Titre singulier n’est-ce pas ? Et à voir ainsi cet arrangement de lettres insignifiant et banal jamais on ne se serait douté qu’il pût renfermer une pensée sérieuse.

Agonies. – Eh bien c’est quelque roman bien hideux et bien noir, je présume – Vous vous trompez, c’est plus, c’est tout un immense résumé d’une vie morale bien hideuse et bien noire.

C’est quelque chose de vague, d’irrésolu, qui tient du cauchemar, du rire de dédain, des pleurs et d’une longue rêverie de poète. Poète, puis-je donner ce nom à celui qui blasphème froidement avec un sarcasme cruel et ironique et qui parlant de l’âme se met à rire ? Non, c’est moins que de la poésie, c’est de la prose – moins que de la prose – des cris – mais il y en a de faux, d’aigus, de perçants, de sourds, toujours de vrais, rarement d’heureux. C’est une oeuvre bizarre et indéfinissable comme ces masques grotesques qui vous font peur.

Il y aura bientôt un an que l’auteur en a écrit la première page et depuis – ce pénible travail fut bien des fois rejeté, bien des fois repris. Il a écrit ces feuilles dans ses jours de doute, dans ses moments d’ennui – quelquefois dans des nuits fiévreuses, d’autres fois au milieu d’un bal – sous les lauriers d’un jardin – ou sur les rochers de la mer.

Chaque fois qu’une mort s’opérait dans son âme – chaque fois qu’il tombait de quelque chose de haut – chaque fois qu’une illusion se défaisait et s’abattait comme un château de cartes, chaque fois enfin que quelque chose de pénible et d’agité se passait sous sa vie extérieure, calme et tranquille – alors dis-je, il jetait quelques cris et versait quelques larmes. Il a écrit sans prétention de style, sans désirs de gloire comme on pleure sans apprêt, comme on souffre sans art.

Jamais il n’a fait ceci avec l’intention de le publier plus tard. Il a mis trop de vérité et trop de bonne foi dans sa croyance à rien pour la dire aux hommes.

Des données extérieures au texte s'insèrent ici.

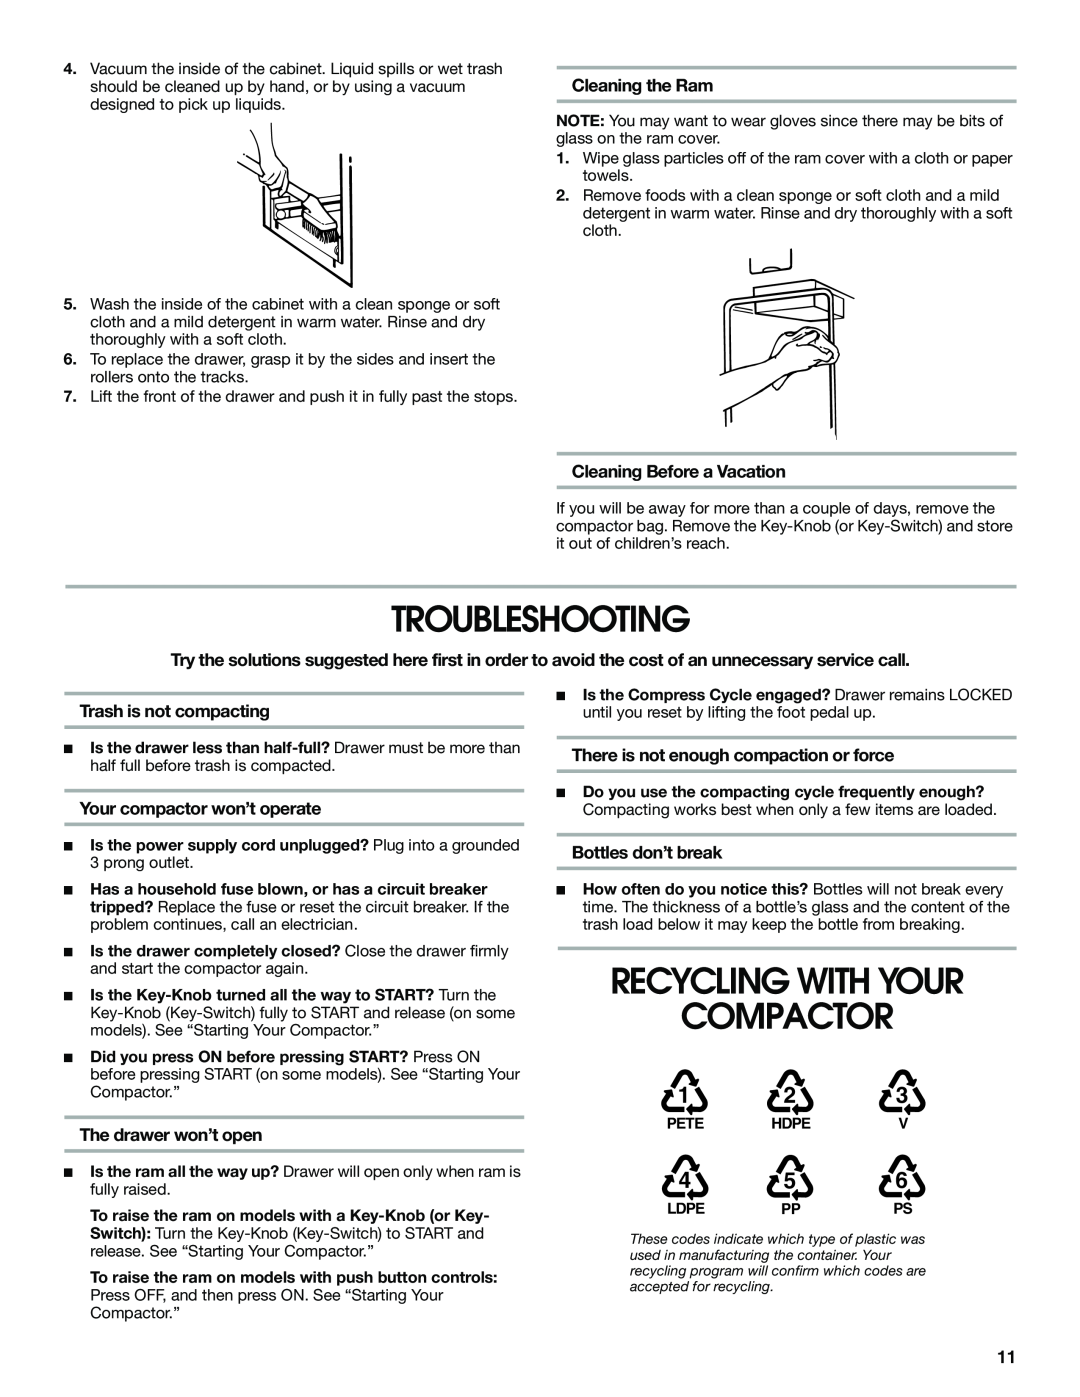 Jenn-Air W10242571A manual Troubleshooting, Recycling With Your Compactor, Cleaning the Ram, Cleaning Before a Vacation 
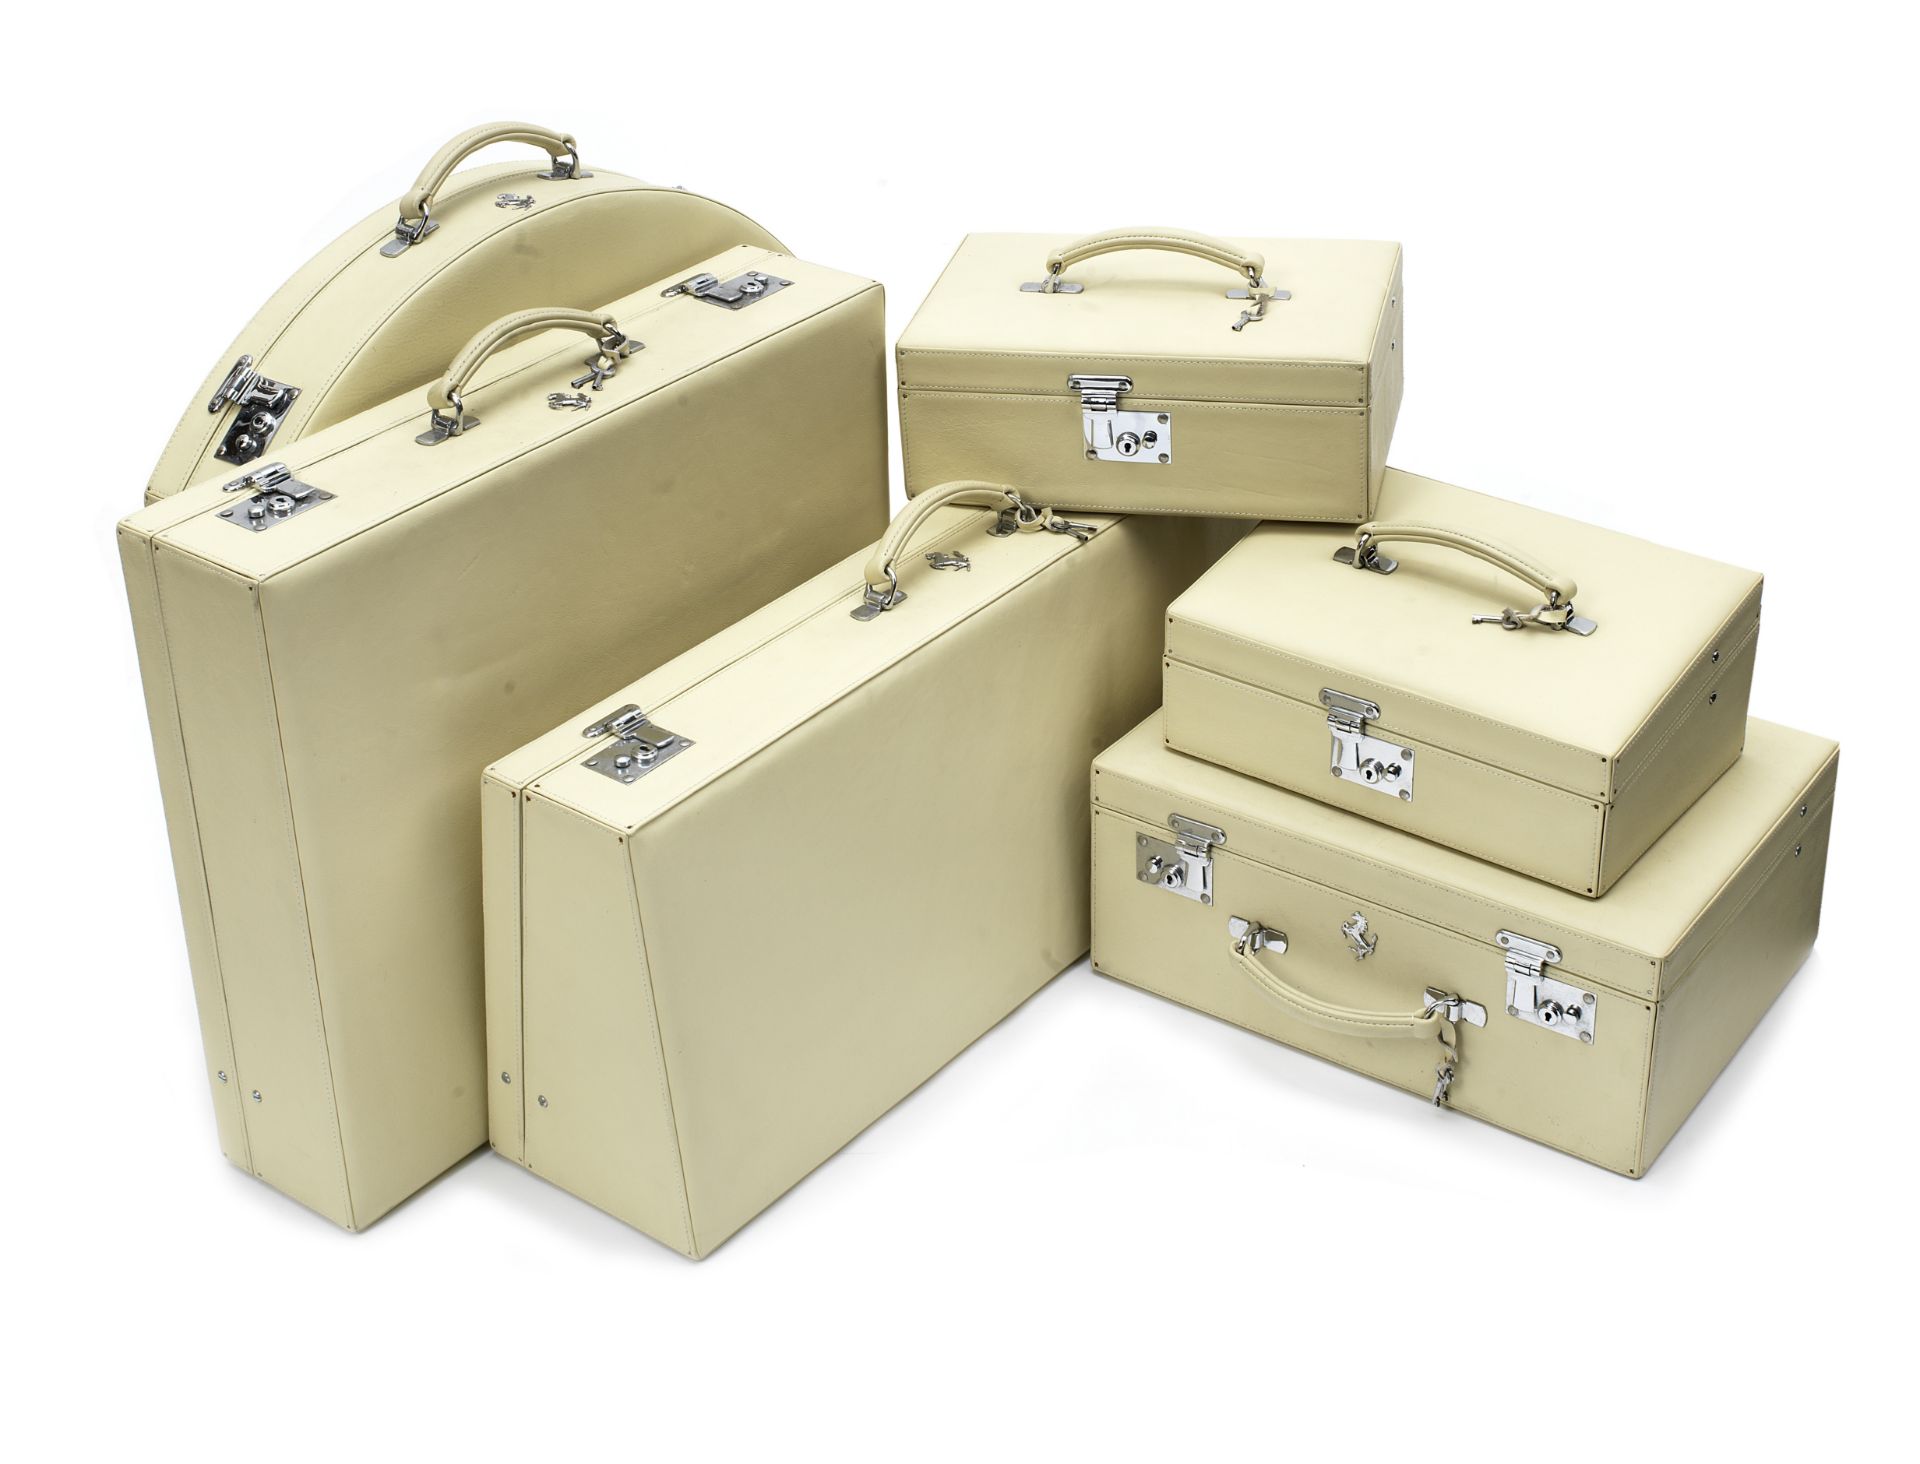 A six-piece set of bespoke luggage for Ferrari Testarossa, by Trunks of Haslemere, ((6))

Il l’a fait pour le montrer à un, à deux tout au plus qui lui serreront la main après l’avoir entendu et qui ne lui diront pas : c’est bien – mais qui diront : c’est vrai.

Enfin si par hasard quelque main malheureuse venait à découvrir ces lignes, qu’elle se garde d’y toucher. – Car elles brûlent et dessèchent la main qui les touche, – usent les yeux qui les lisent, assassinent l’âme qui les comprend.

– Non, si quelqu’un vient à découvrir ceci, qu’il se garde de le lire – ou bien si son malheur l’y pousse, qu’il ne dise pas après : c’est l’oeuvre d’un insensé, d’un fou. Mais qu’il dise : il a souffert quoique son front fût calme, quoique le sourire fût sur ses lèvres et le bonheur dans ses yeux. Qu’il lui sache gré si c’est un de ses proches de lui avoir caché tout cela – de ne point s’être tué de désespoir avant d’écrire et enfin d’avoir réuni dans quelques pages tout un abîme immense de scepticisme et de désespoir.